─── Dataset records

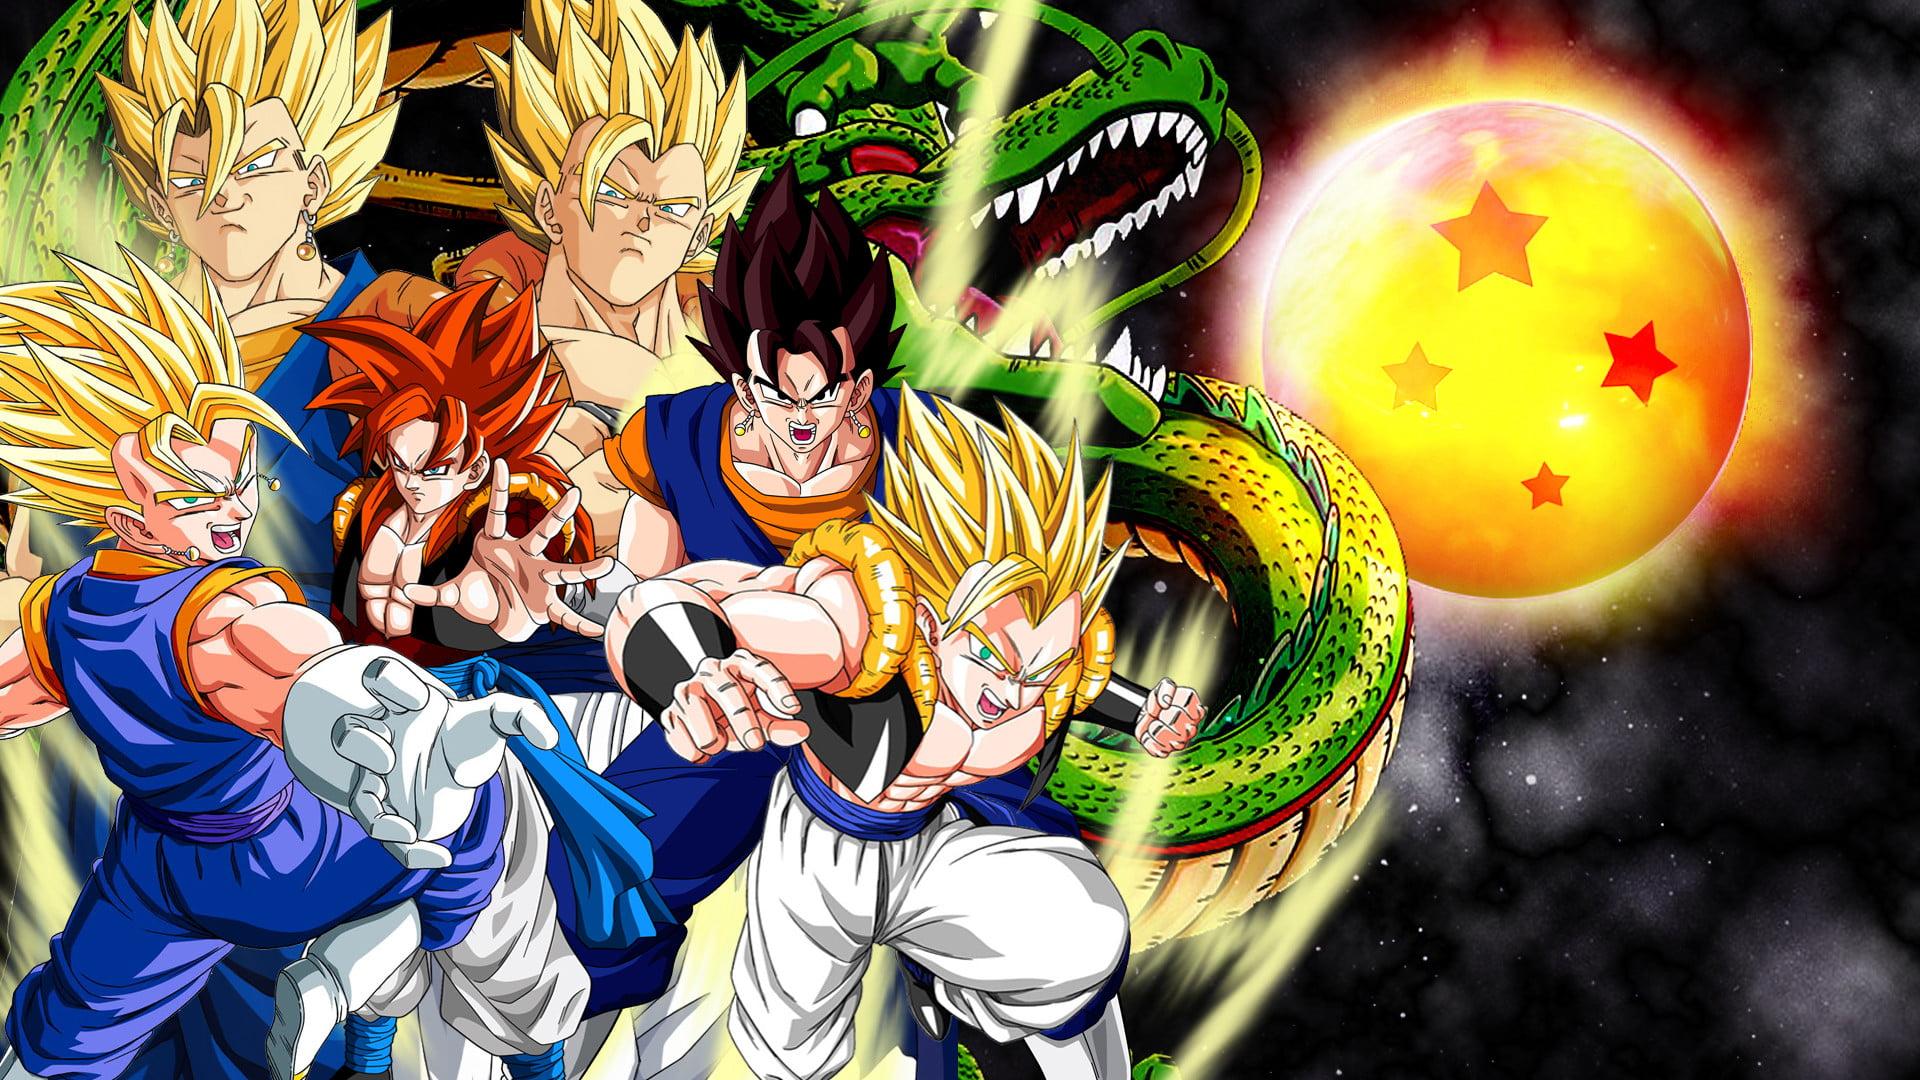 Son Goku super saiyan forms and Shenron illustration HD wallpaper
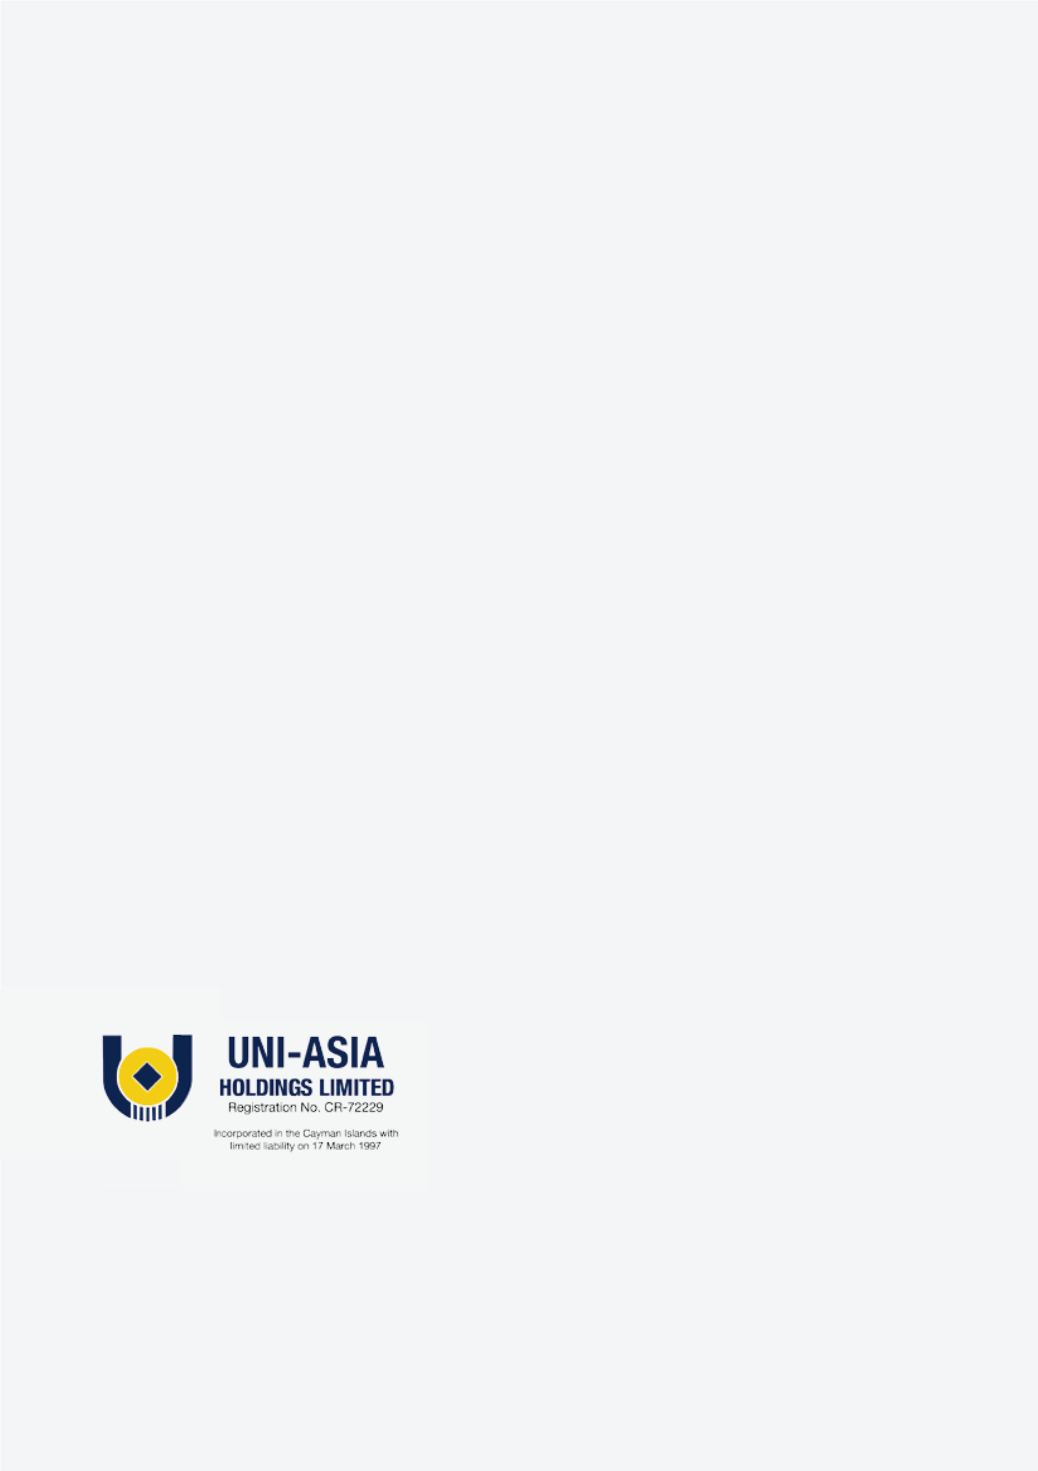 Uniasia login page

──────
─── Dataset records

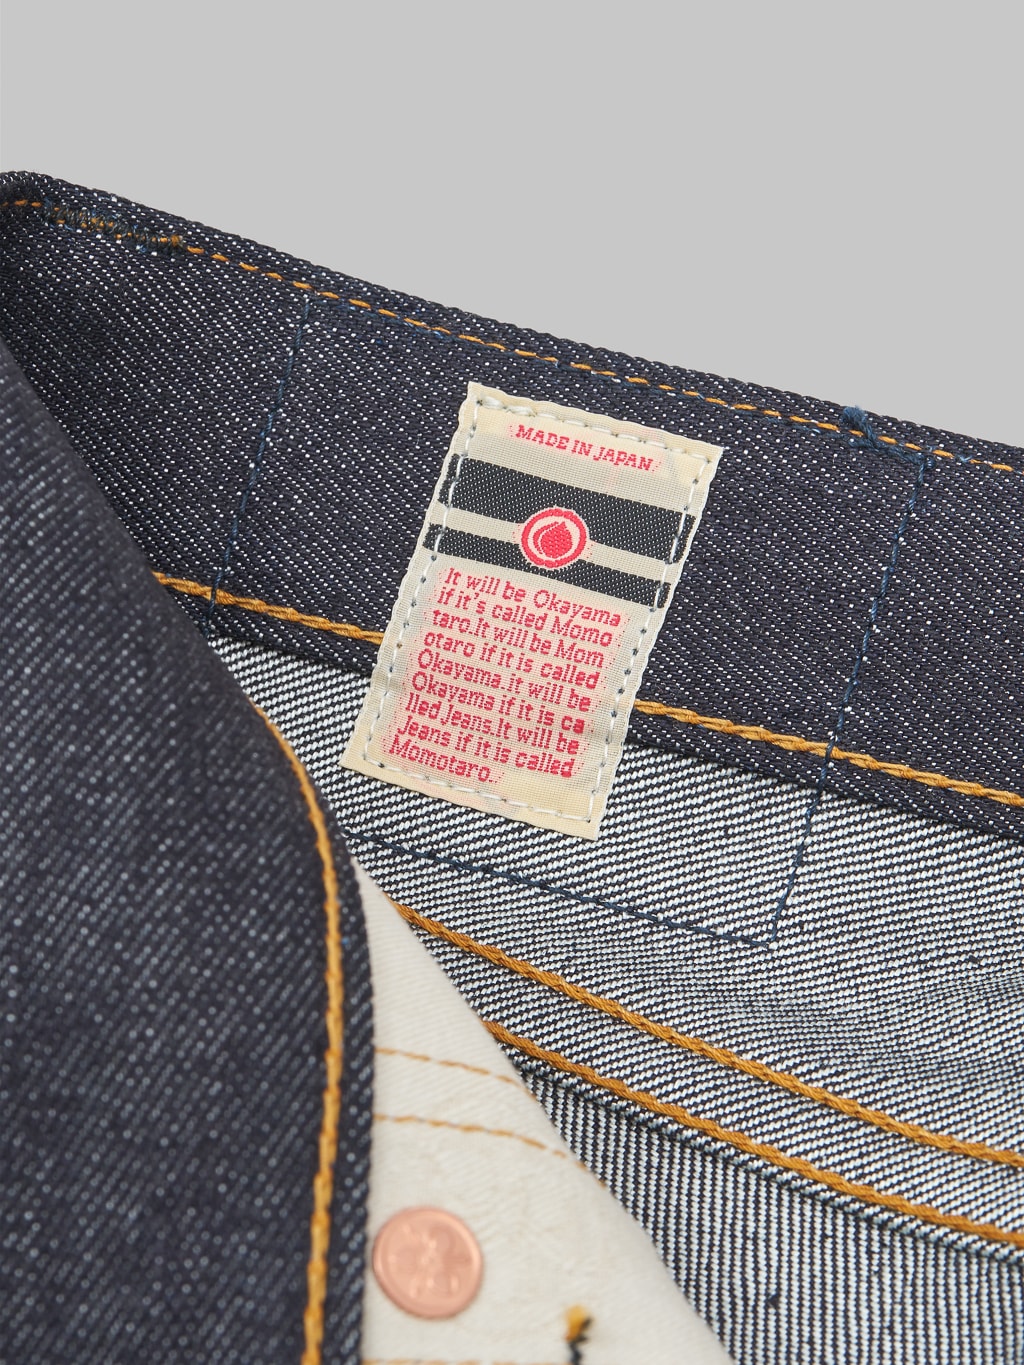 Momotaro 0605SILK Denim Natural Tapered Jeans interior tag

──────

__What you should do__
Nothing but the lines above, starting at the line that contains "Son Goku super" and ending at the line that contains "Uniasia login page", should be given again, exactly and without the pictures.

__Answer space__
 Son Goku super saiyan forms and Shenron illustration HD wallpaper
 Uniasia login page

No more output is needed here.